# Working Holiday Visa (subclass 417) Initial "No Further Stay" condition in 1st year?



## kidstyx (Sep 14, 2013)

*Working Holiday Visa (subclass 417) Initial "No Further Stay" condition in 1st year?*

My spouse is interested in applying for a working holiday visa (subclass 417).

She will then subsequently apply for a Partner visa (subclass 820) and hopefully automatically receive bridging visa A.

To do this, she needs to be certain that "No further stay" condition does not apply on her initial working holiday visa.

I have found out that if a working holiday visa is extended for another year, a "no further stay" condition is usually imposed in the second year.

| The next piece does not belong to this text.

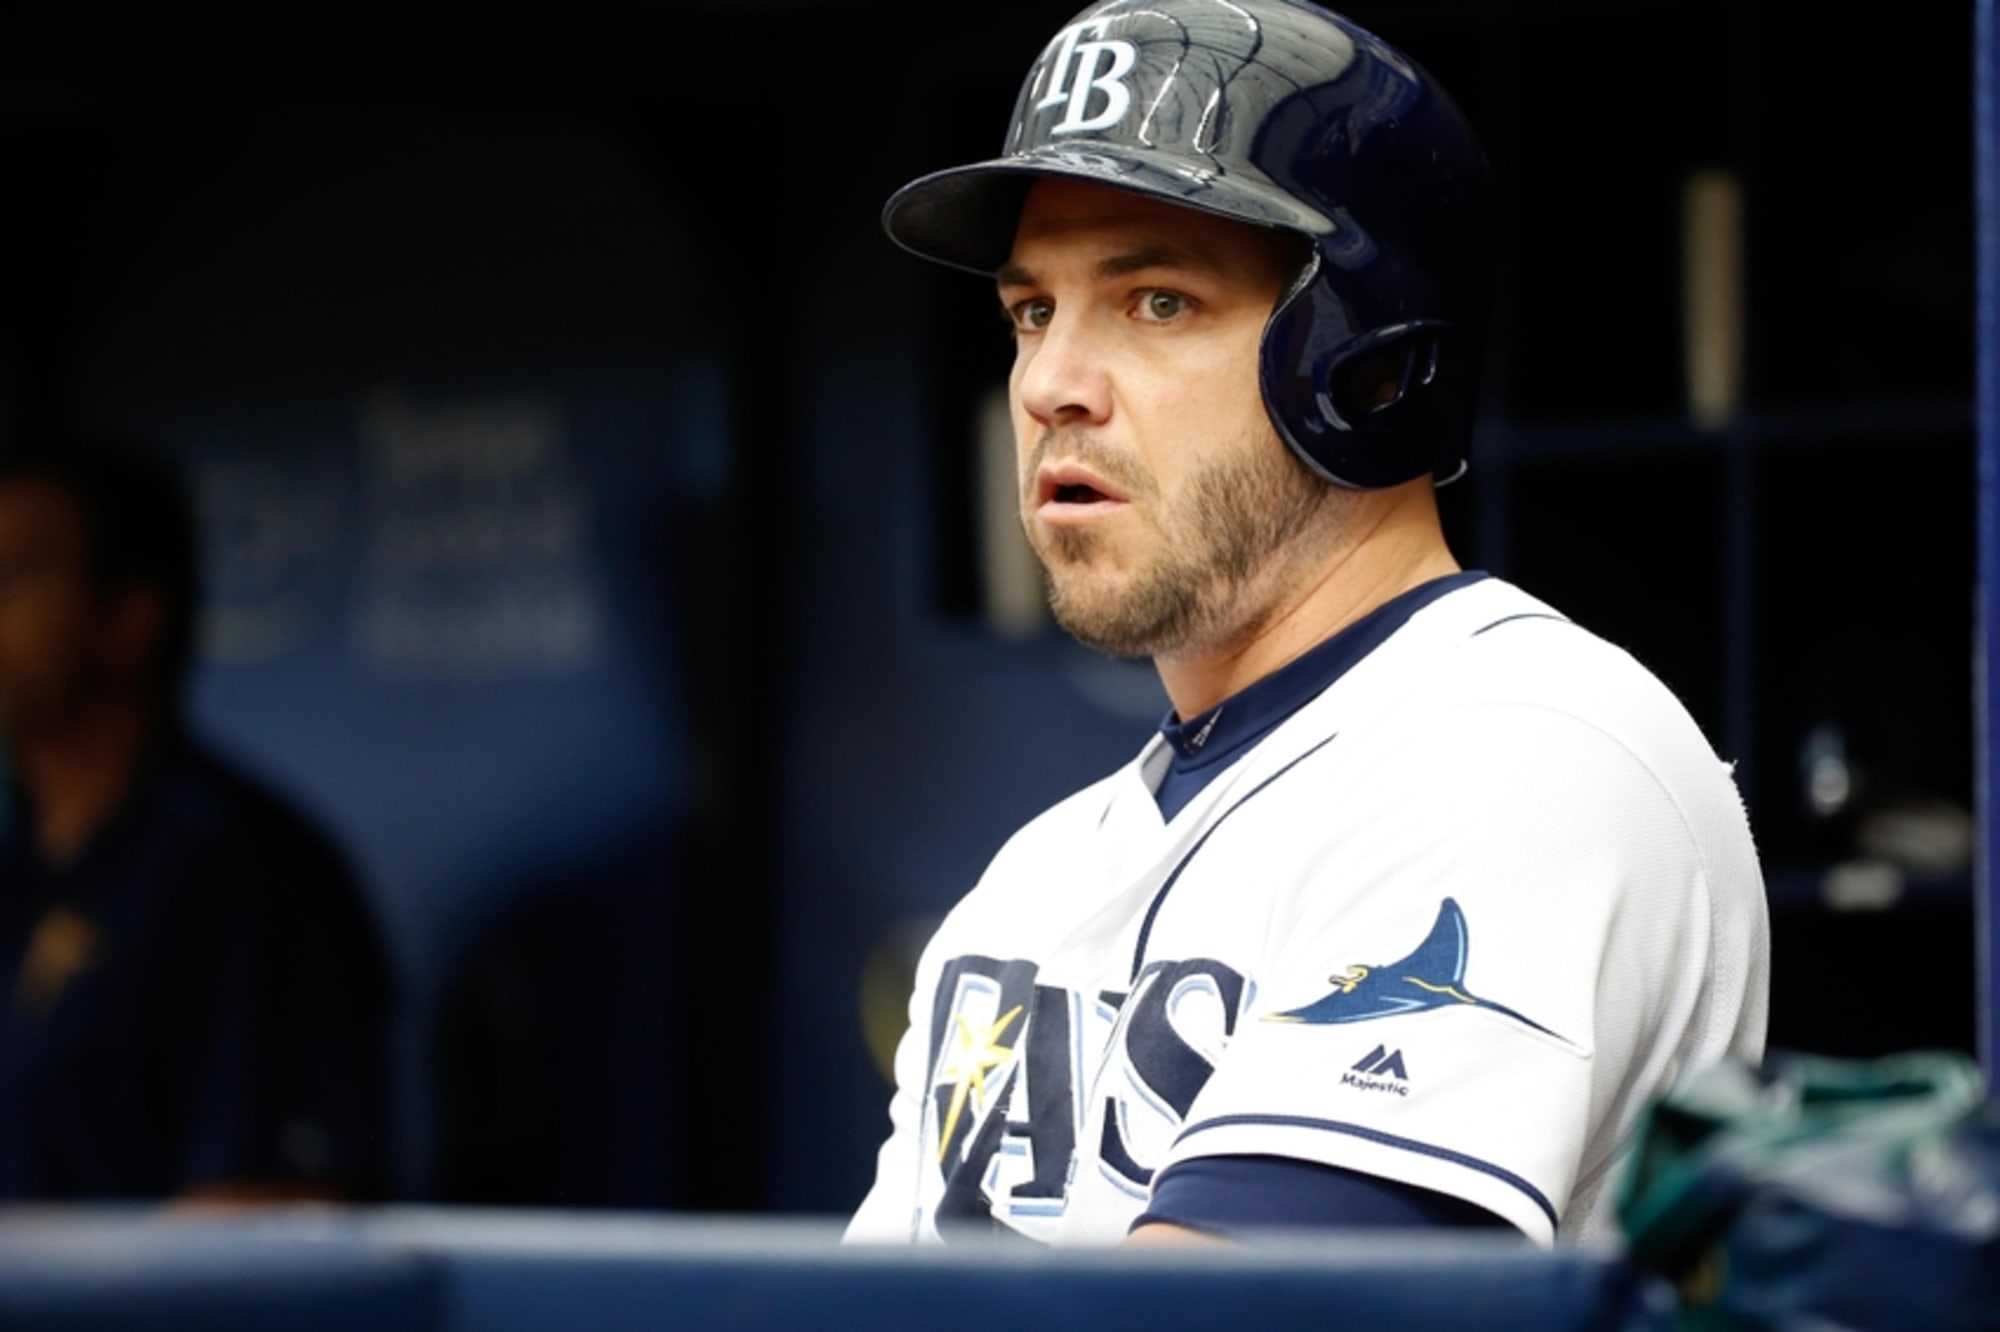 MLB Trade Rumors: Orioles to acquire Steve Pearce from Rays
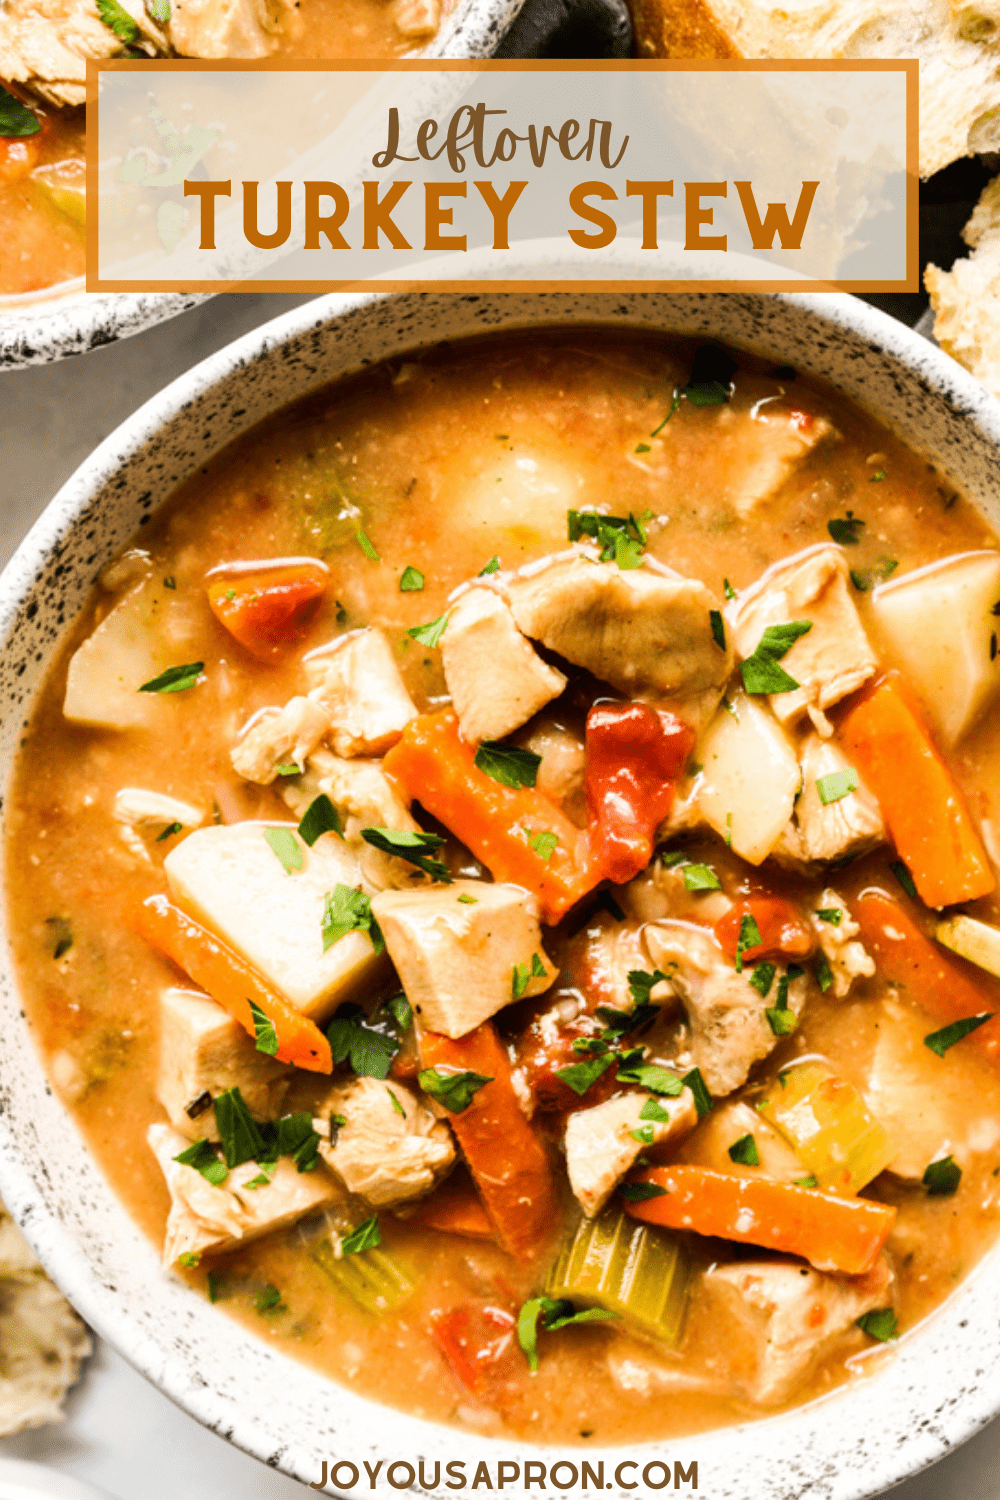 Turkey Stew - leftover turkey soup recipe! Combined with carrots, celery, tomatoes and potatoes for a healthy, warm and hearty meal. Comfort food for the body and soul! via @joyousapron

However, is there "no further stay" on the initial working holiday visa usually in the first year or not?

Thank you in advance.


----------



## espresso (Nov 2, 2012)

It can be imposed in the first year as well, at the discretion of the case officer. To quote from the subclass 417 visa page: 



> The Working Holiday visa (subclass 417) lets you stay in Australia for 12 months. Any time spent outside Australia after the 12-month stay period on your visa has started does not extend the length of the visa. _You can only apply for another visa to extend your stay if your visa is not granted with a 'no further stay' condition._ You will be advised of this in your visa grant letter.
> 
> Visa holders without this condition can apply for a second Working Holiday visa. - You should contact your nearest immigration office to discuss your options.


So, there is no guarantee that she won't get it. Being recently married to an Australian citizen or PR holder is definitely a red flag for the case officer that will get you more scrutiny.


----------